A positioning method for near-character errors in text
A positioning method and a near-word technology, which can be used in text database query, unstructured text data retrieval, electronic digital data processing, etc., and can solve problems such as speed problem, word segmentation result accuracy, text-like near-word error, etc.
- Summary
- Abstract
- Description
- Claims
- Application Information
AI Technical Summary
Problems solved by technology
Method used
Image
Examples
Embodiment 1
[0022] Embodiment 1: as Figure 1-2 As shown in Fig. 1, a method for locating errors in the form of text, firstly divide the long sentence into n short sentences with a length of m, and then use the Chinese character form library to find the corresponding form of each word in each short sentence Words, and form a candidate word vector with the original character, use the commonly used character library to remove the uncommon words in the vector, and form a candidate matrix with the candidate word vectors of all words, so as to obtain the candidate word matrix of each short sentence; The adjacent vectors in a matrix are bundled into words, and the correct words combined are added to the word set w, and the vectors that cannot be combined into words are extracted and the stop words are added to the stop word set d; Extract the words in the connecting part of a short sentence and combine them. If there are words, add them to the set w; finally, compare the words in the set w and ...
Embodiment 2
[0040] Embodiment 2: a kind of positioning method for text shape near word error, the concrete steps of described method are as follows:
[0041] Step1. Establish a database, which includes font library X, corpus Y, commonly used font library Q, and disabled thesaurus T.

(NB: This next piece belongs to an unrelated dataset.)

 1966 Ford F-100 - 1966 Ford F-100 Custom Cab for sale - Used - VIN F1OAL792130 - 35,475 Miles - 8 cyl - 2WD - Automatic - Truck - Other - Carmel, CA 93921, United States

[0042] Step2, select the sample sentence A to be processed, such as 'I can't believe my eyes. ’ The wrong character is sunny (eye).
[0043] Step3. Sentence A is preprocessed, and the punctuation marks in the sentence are removed to obtain a new character string. B='I can't believe my eyes' n=11 is the length of character string B.

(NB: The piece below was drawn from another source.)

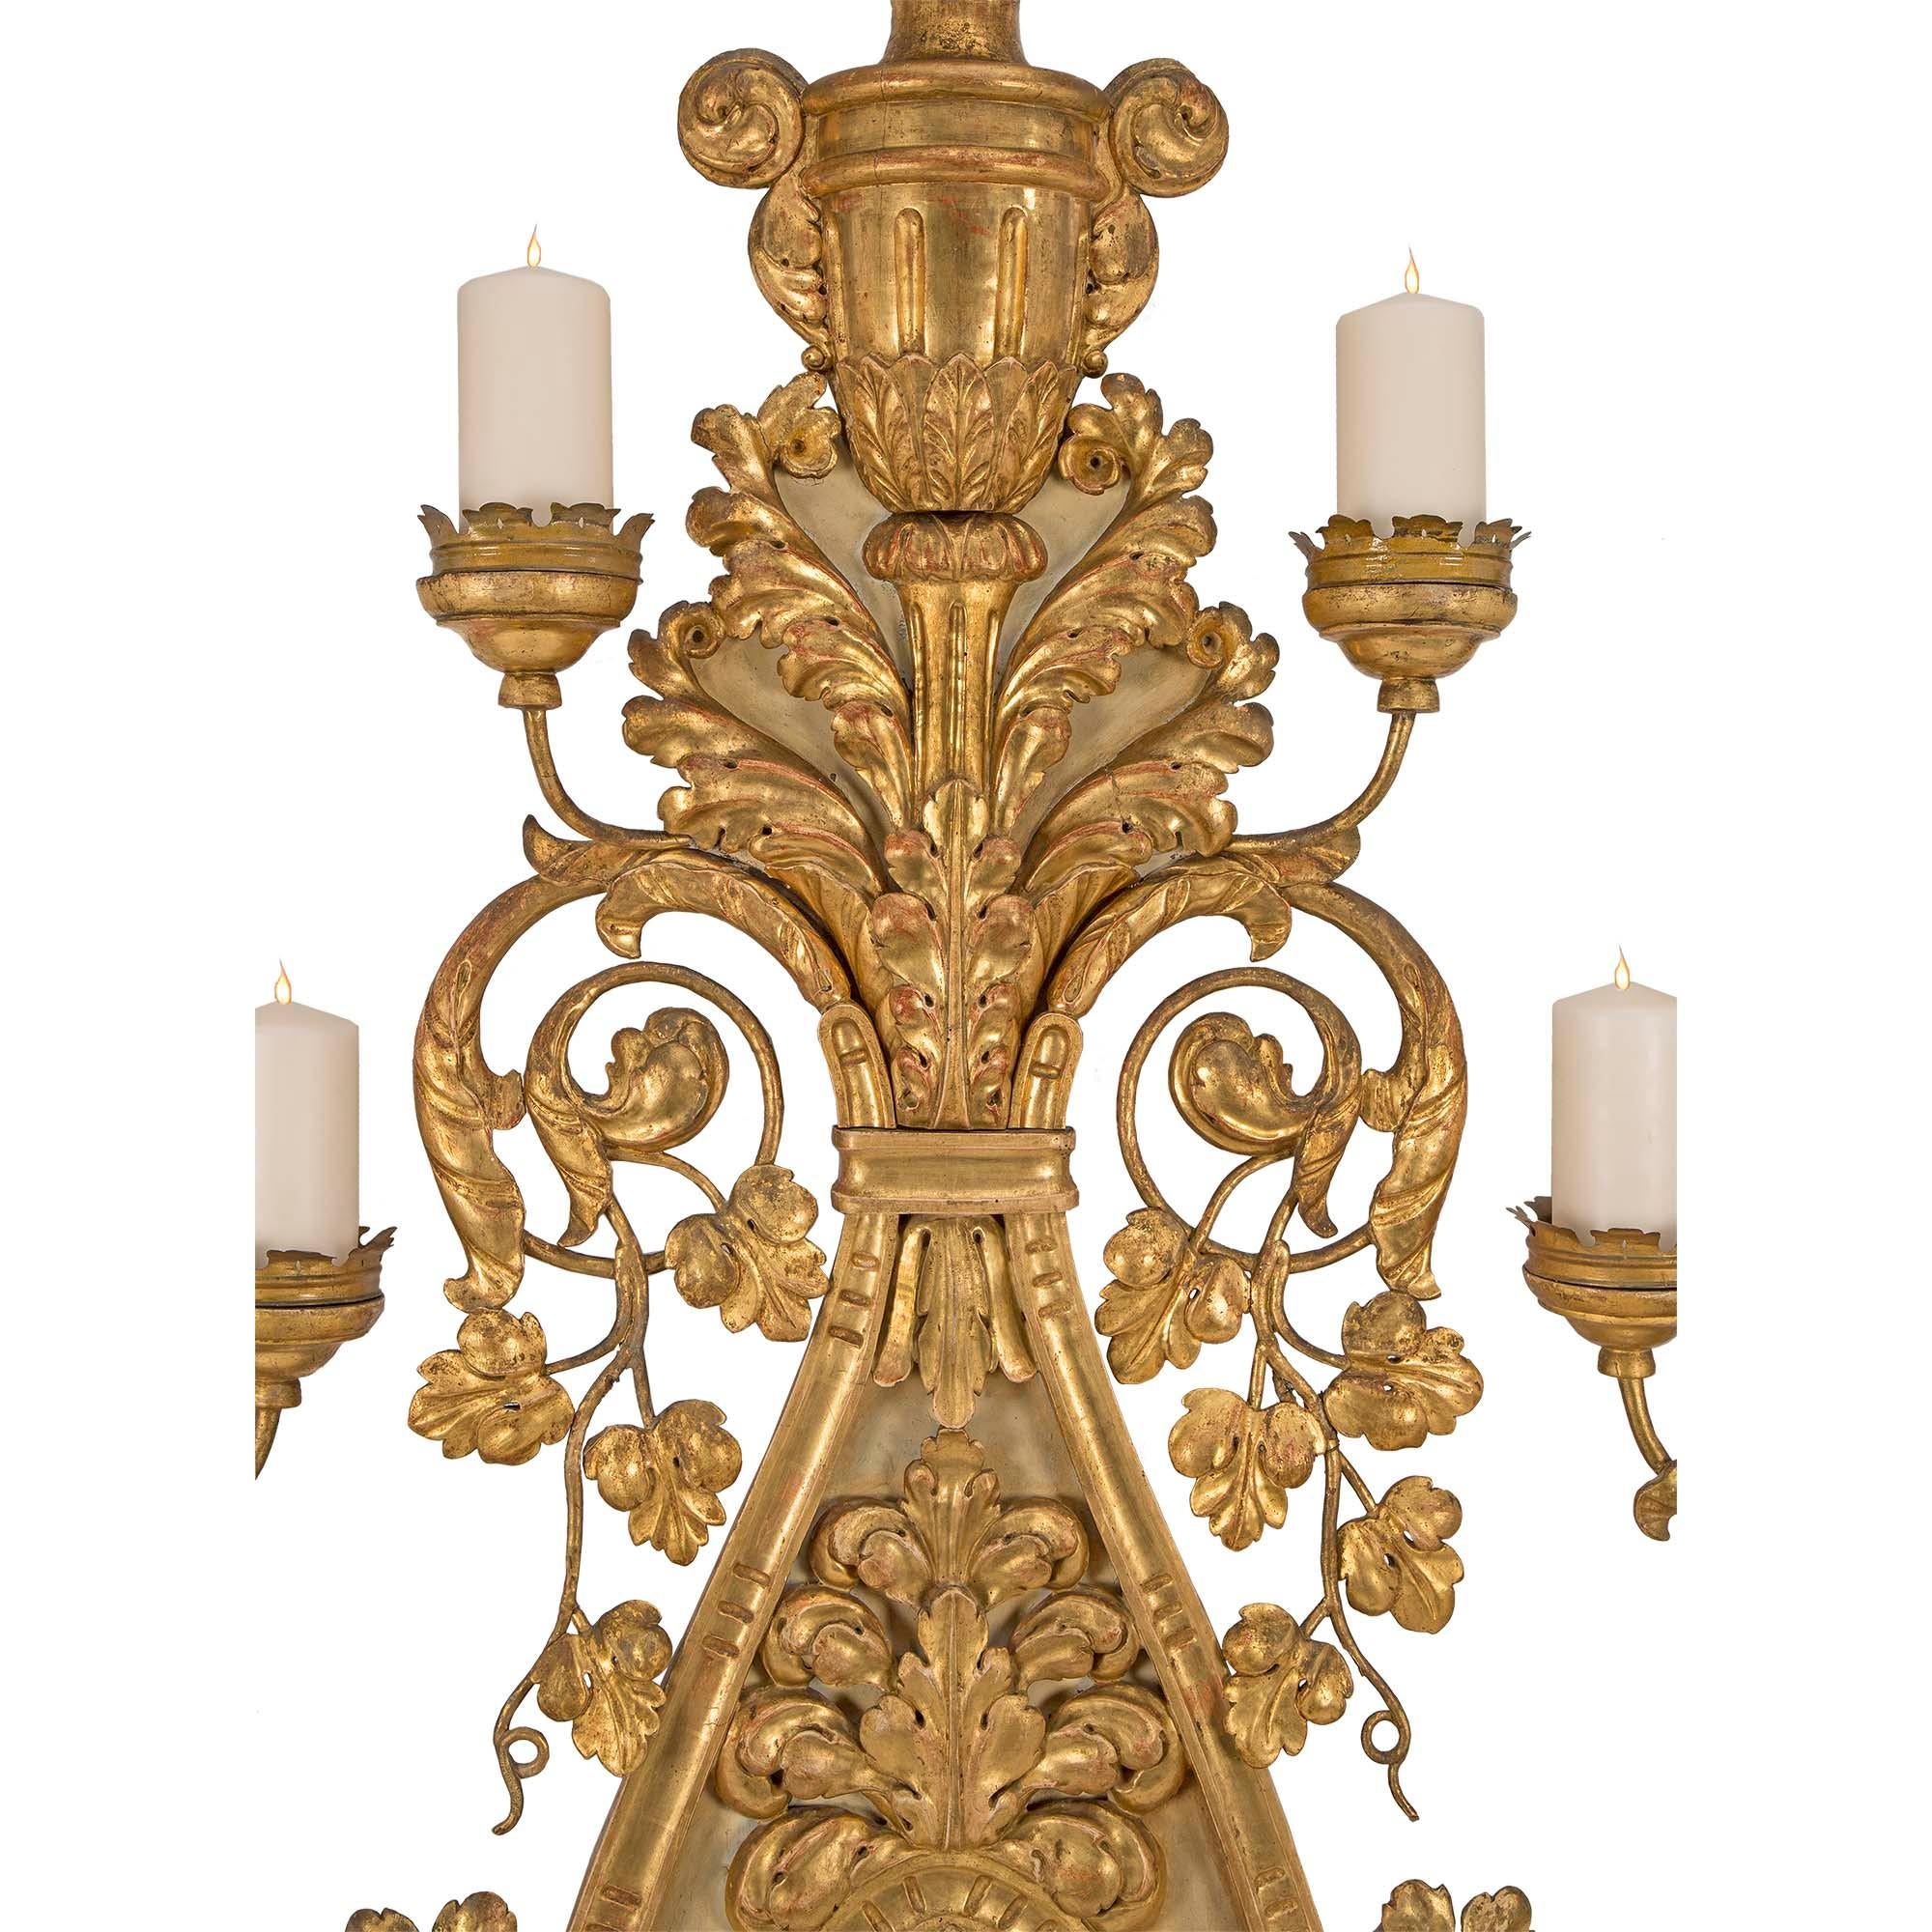 Italian 18th Century Monumental Giltwood and Gilt Metal Tuscan Candelabras For Sale 1

[0044] Step4. Divide B='I can't believe my eyes' with length m=5, g={n / m}, (n / m) means the smallest integer not less than this number, then g=3 , then L=[L 1 L 2 L 3 ]=['I can't believe it','Believe in my own eyes','Sunny'],L 1 , L 2 length 5, L 3 has a length of 1.
[0045] Step5, find out L respectively 1 , L 2 , L 3 The candidate word vector matrix, such as L 1 T...
PUM
Abstract
Description
Claims
Application Information
- R&D Engineer
- R&D Manager
- IP Professional
- Industry Leading Data Capabilities
- Powerful AI technology
- Patent DNA Extraction
Browse by: Latest US Patents, China's latest patents, Technical Efficacy Thesaurus, Application Domain, Technology Topic, Popular Technical Reports.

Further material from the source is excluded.